Moral of the story if your going to change the plugs buy wires too.

Van runs like a top now :thumbup:


----------



## Cole82 (Nov 22, 2008)

Just like carpenters have specialty tools so do mechanics. They use special spark plug wire pullers so the don't pull the wire out of the boot.


----------



## Inner10 (Mar 12, 2009)

What a nightmare...now try it on a Dodge 5.7 with 2 spark plugs per cylinder...


----------



## Leo G (May 12, 2005)

My 2500HD is a breeze to do. Just step into the engine compartment and work away :laughing:


----------



## Aaron Berk (Jul 10, 2010)

Real trucks don't run on plugs.......:jester:



Jokes aside, my OBS Powerstroke has a massive engine bay (unlike the newer Fords)

The best ever was my '74 Scout II I could almost stand between the engine and fender wells (yes it was a V8) but I was 17-19yrs old back then lol I was a bit thinner then.

My 98 Ford Windstar with a 3.8L transverse engine is a nightmare to get at plugs.
Haven't done the plugs on my big '04 E250 yet.......

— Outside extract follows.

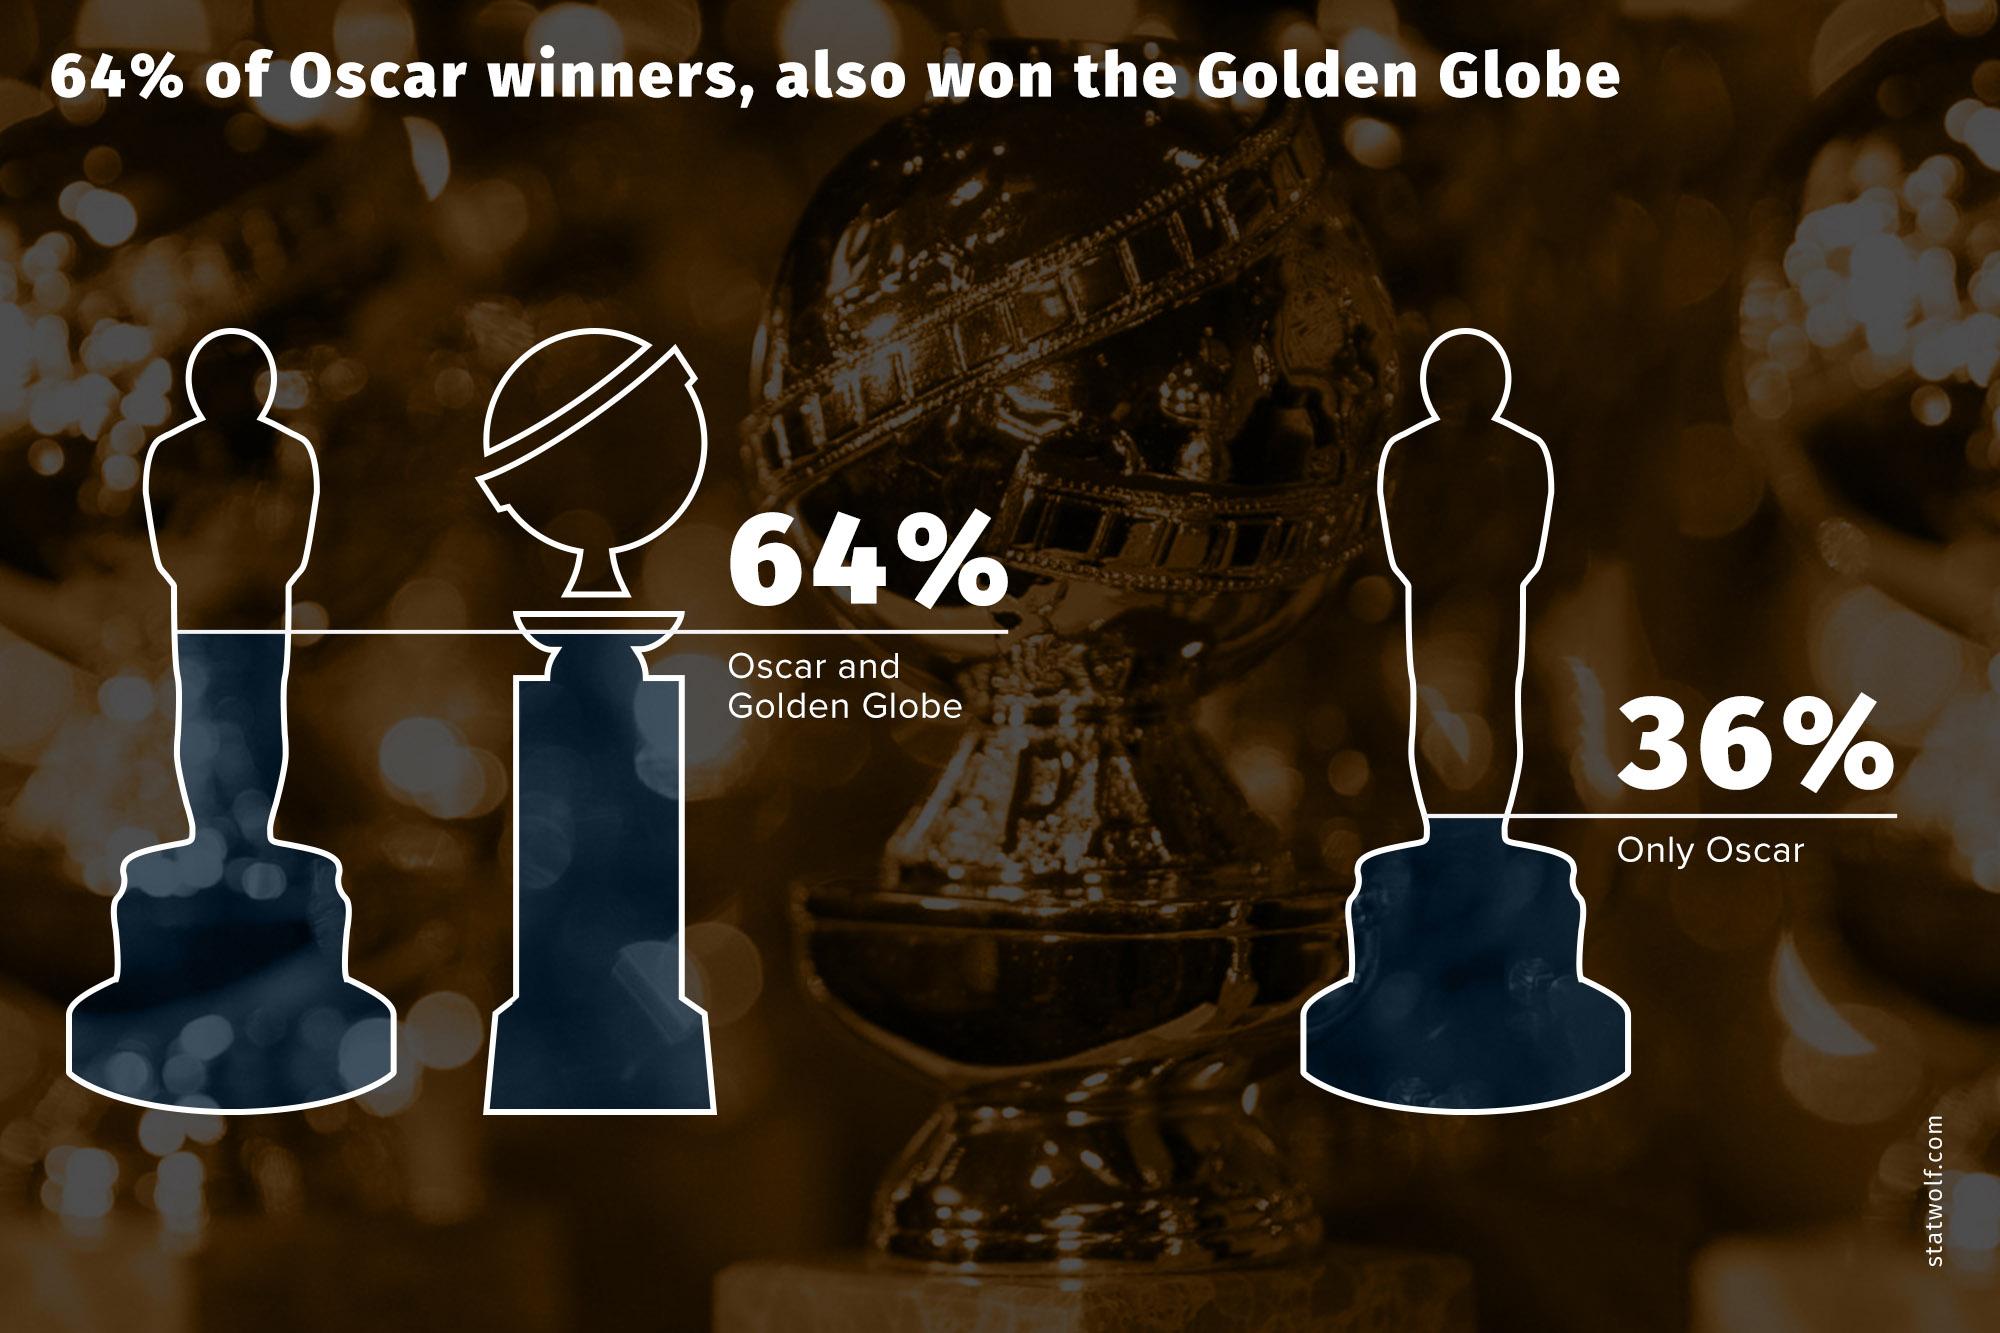 64% Of Oscar Winner, Also Won The Golden Globe

None the less, I feel your pain. Any busted knuckles?:laughing:


----------



## Tom Struble (Mar 2, 2007)

was probably a good idea the change the wires too


----------



## Stewy (Nov 11, 2007)

a little silicone grease on the plug boots might help with removing them next time.


----------



## Hardly Working (Apr 7, 2005)

Tom Struble said:


> was probably a good idea the change the wires too


Wires were in good shape until I started pulling on them.



Stewy said:


> a little silicone grease on the plug boots might help with removing them next time.

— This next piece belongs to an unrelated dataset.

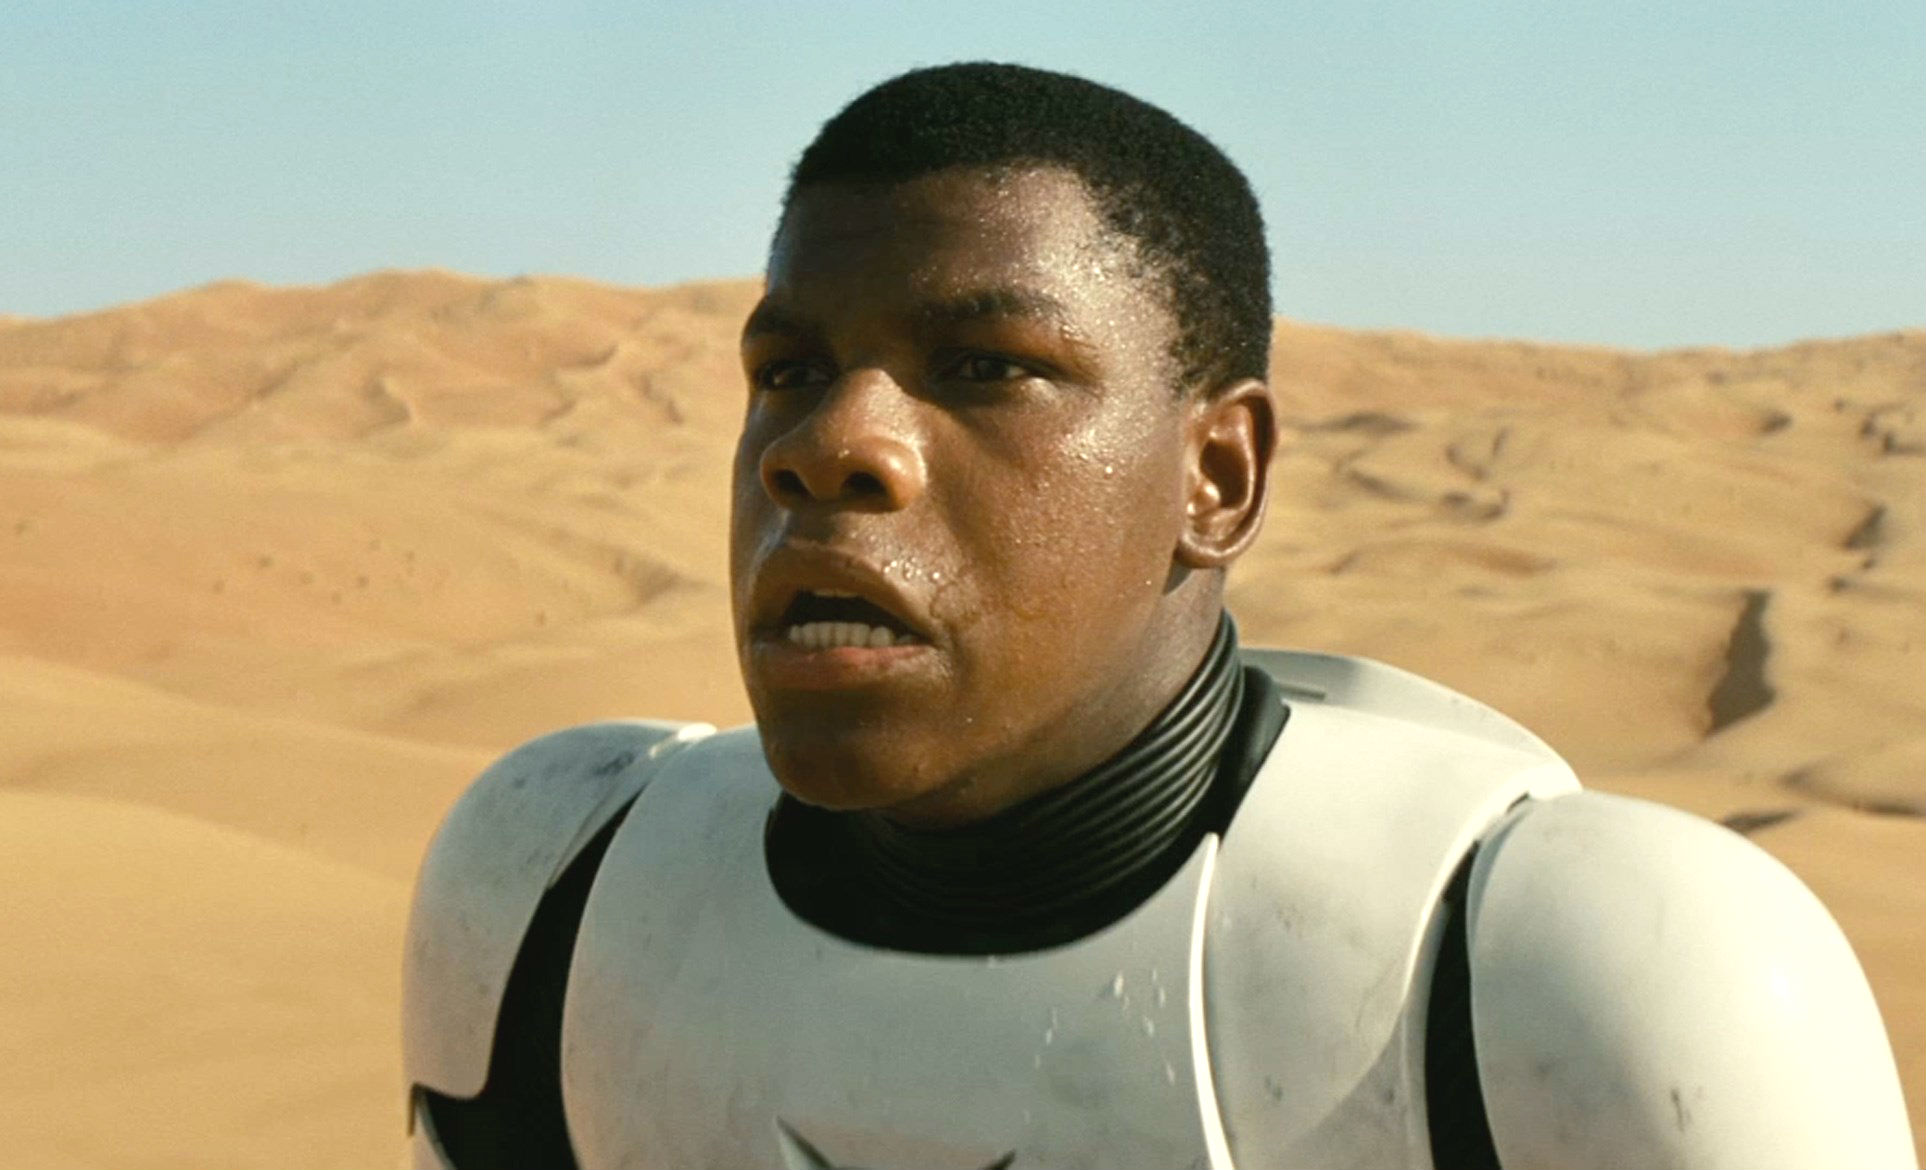 Star Wars The Force Awakens trailer screengrab John Boyega

Oh yes I used dielectric grease and anti-seize on the plugs.


----------



## Tom Struble (Mar 2, 2007)

i was just tryin to make you feel a little better,next time go scratch


----------



## Randy Bush (Mar 7, 2011)

One of the reason I stop being a mechanic 16 years ago . Gone are the days you can climb right in under the hood to do the work. I go to my dads shop and look at some of the rigs they work , boy am I glad I am not doing it any more.


----------



## Gary H (Dec 10, 2008)

Randy Bush said:


> One of the reason I stop being a mechanic 16 years ago . Gone are the days you can climb right in under the hood to do the work. I go to my dads shop and look at some of the rigs they work , boy am I glad I am not doing it any more.

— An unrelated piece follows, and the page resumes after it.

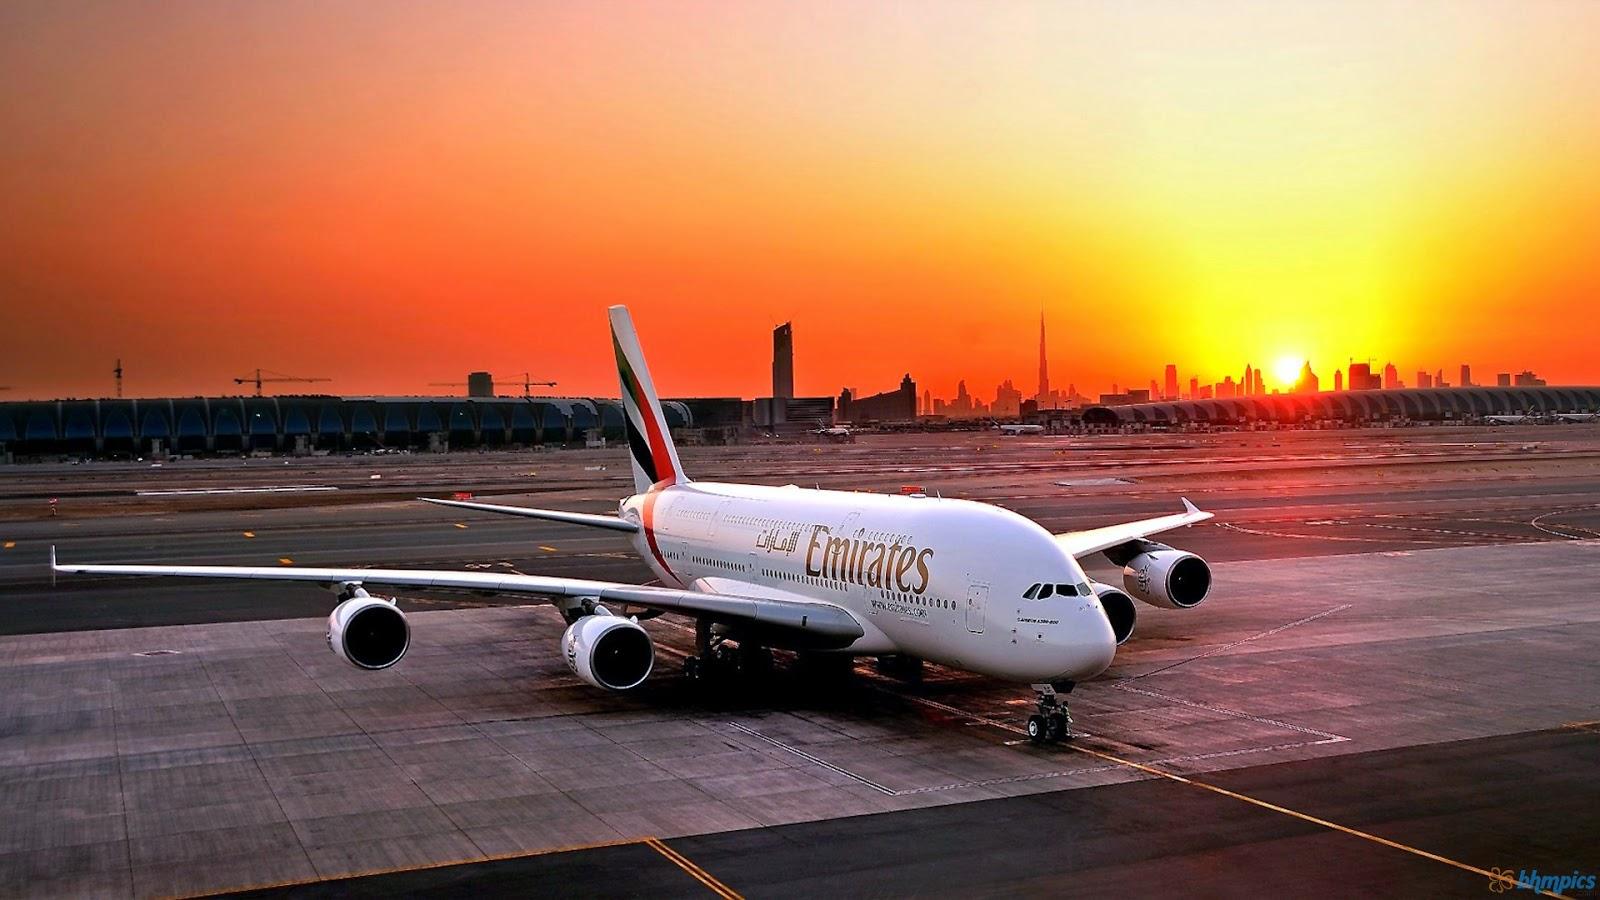 emirates-airplane-sunset-dubai

Miles and miles of wires and hoses:blink:. My 01 Dodge is easy to work on, but no where near as easy as a 87 chevy pickup with no AC, or power windows.:thumbsup:


----------



## Red Adobe (Jul 26, 2008)

Just cause a plugwire LOOKS ok dosnt mean it is. heat kills. If you hook up a scantool one can watch misfires you can see why its good to change the wires every 60k miles. Misfires dont always trigger a DTC (check engine light) it takes x amount in x revolutions or some such thing

I do Plugs (always AC-DELCO), wires, cap-n-rotor, and fuel filter all at the same time. Also inspect all vaccum lines


----------



## FRAME2FINISH (Aug 31, 2010)

Yea worse thing about vans huh mine have a 13000 on them and it still starts lol

I think it would be cheaper to have a new engine put in lol


----------



## MIKE ANTONETTI (Jul 17, 2012)

My 2000 Chevy express 2500 has a miss , changed plugs , wires , rotor , cap has 208k, one mechanic drove and tested it only misfired once,
At stoplight feel it miss, I'm sure it's still drinking ok though, Any thoughts?


----------



## Gary H (Dec 10, 2008)

MIKE ANTONETTI said:


> My 2000 Chevy express 2500 has a miss , changed plugs , wires , rotor , cap has 208k, one mechanic drove and tested it only misfired once,
> At stoplight feel it miss, I'm sure it's still drinking ok though, Any thoughts?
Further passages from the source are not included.